The  is a railway line in Hokkaido operated by Hokkaido Railway Company (JR Hokkaido), connecting Numanohata, Tomakomai and Shiroishi Station in Shiroishi-ku, Sapporo, linking the Muroran Main Line and Hakodate Main Line. There also is a branch line to New Chitose Airport.

Service outline
The line forms part of the trunk route between Sapporo and Southern Hokkaido. As such, Hokuto limited express trains run between Sapporo and Hakodate once every 1 to 2 hours, as well as the Suzuran limited express between Sapporo and Muroran.

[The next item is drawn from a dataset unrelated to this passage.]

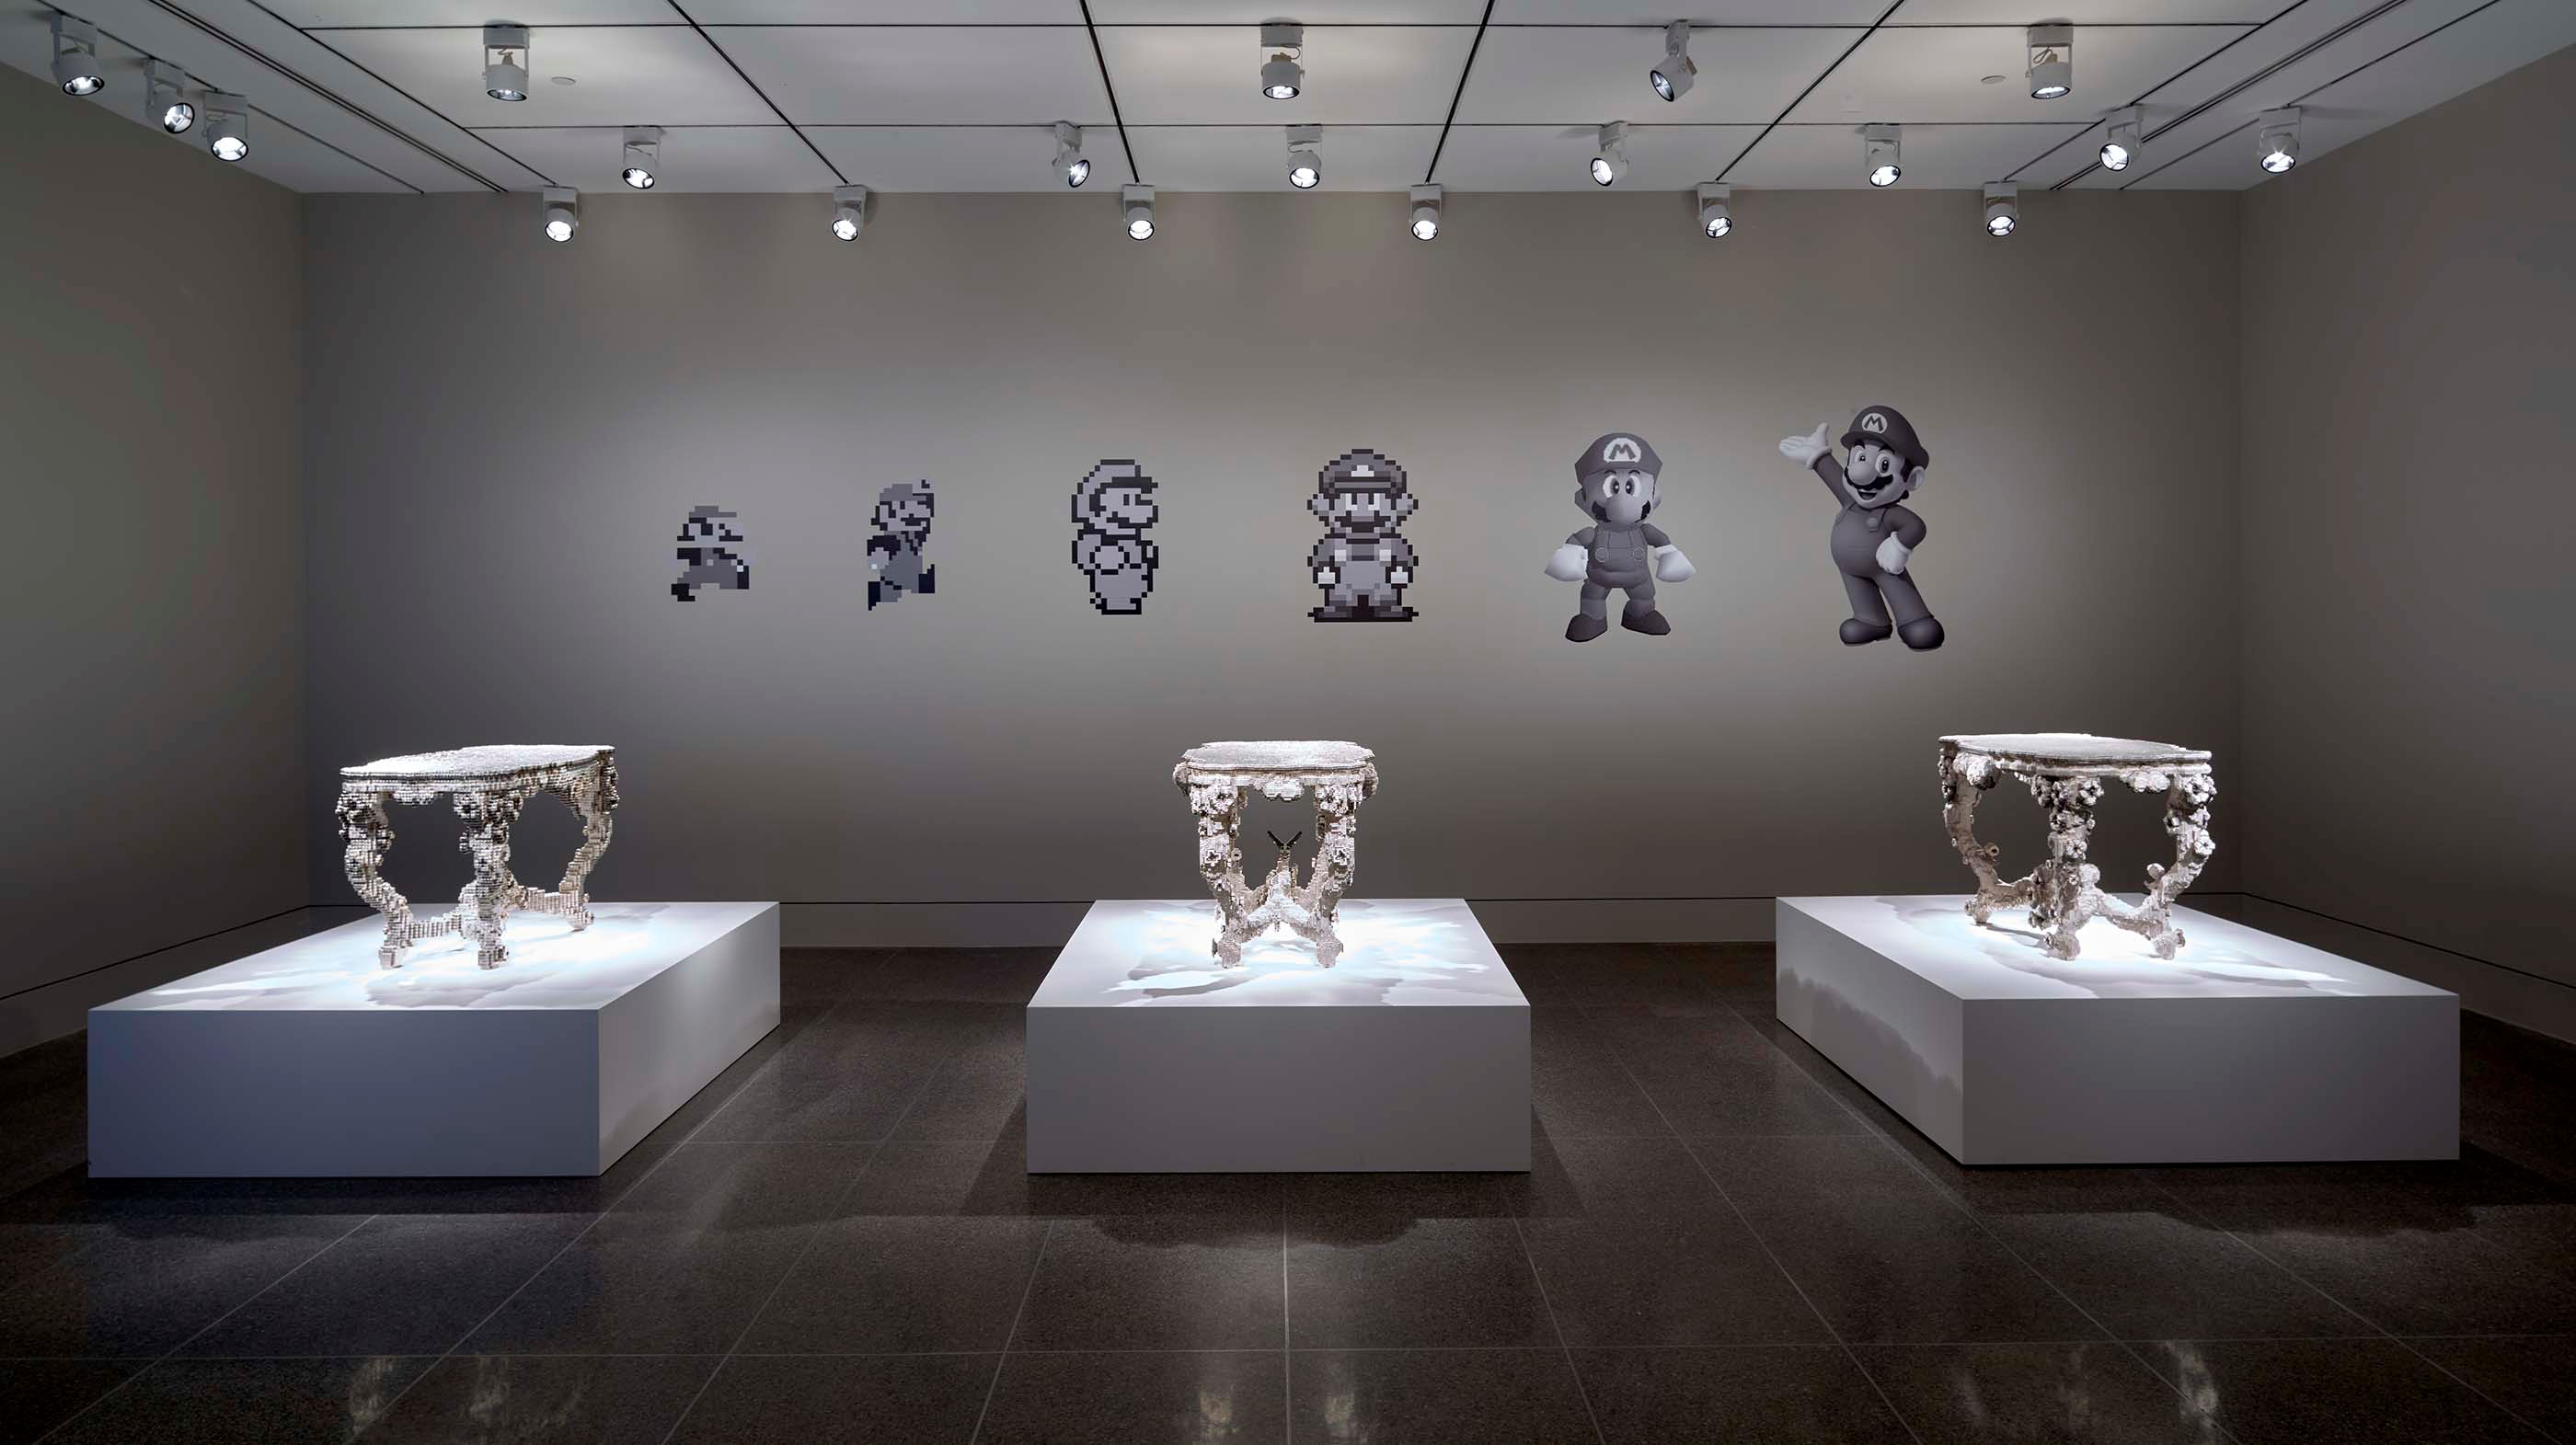 Installation view of Joris Laarman Lab: Design in the Digital Age - Voxel tables / Nintendo room

The section between Sapporo and Minami-Chitose is also a part of the trunk route between Sapporo and eastern Hokkaido. The limited express trains Ōzora and Super Tokachi run through.

The rapid trains Special Rapid Airport and Rapid Airport run approximately once every 12 minutes, functioning as the airport rail link between New Chitose Airport Station and Sapporo or Otaru. Since the Chitose Line goes through the most urbanized area in Hokkaido, there are roughly 3 to 4 local train services per hour.

Former services
There were sleeper trains between Honshu and Hokkaido, such as the Hokutosei, Cassiopeia, Twilight Express, and Hamanasu.

Station list
SRA: Special Rapid Airport
RA: Rapid Airport
L: Local
All rapid trains stop at stations signed "+", some at "◌", and all skip stations marked "-". Local trains stop at most stations but some skip stations signed "◌".

Airport Branch Line

Closed station 

 H15 : Closed since 4 March 2017, now a signal base.

Rolling stock
 721 series EMUs
 731 series EMUs
 733 series EMUs
 735 series EMUs

History

The entire line opened on 21 August 1926.

Duplication
The Chitose-Eniwa section was double-tracked in September 1965, and extended to Kitahiroshima in September 1966.

The Chitose-Uenae section was double-tracked in 1968, and extended to Numanohata in 1969.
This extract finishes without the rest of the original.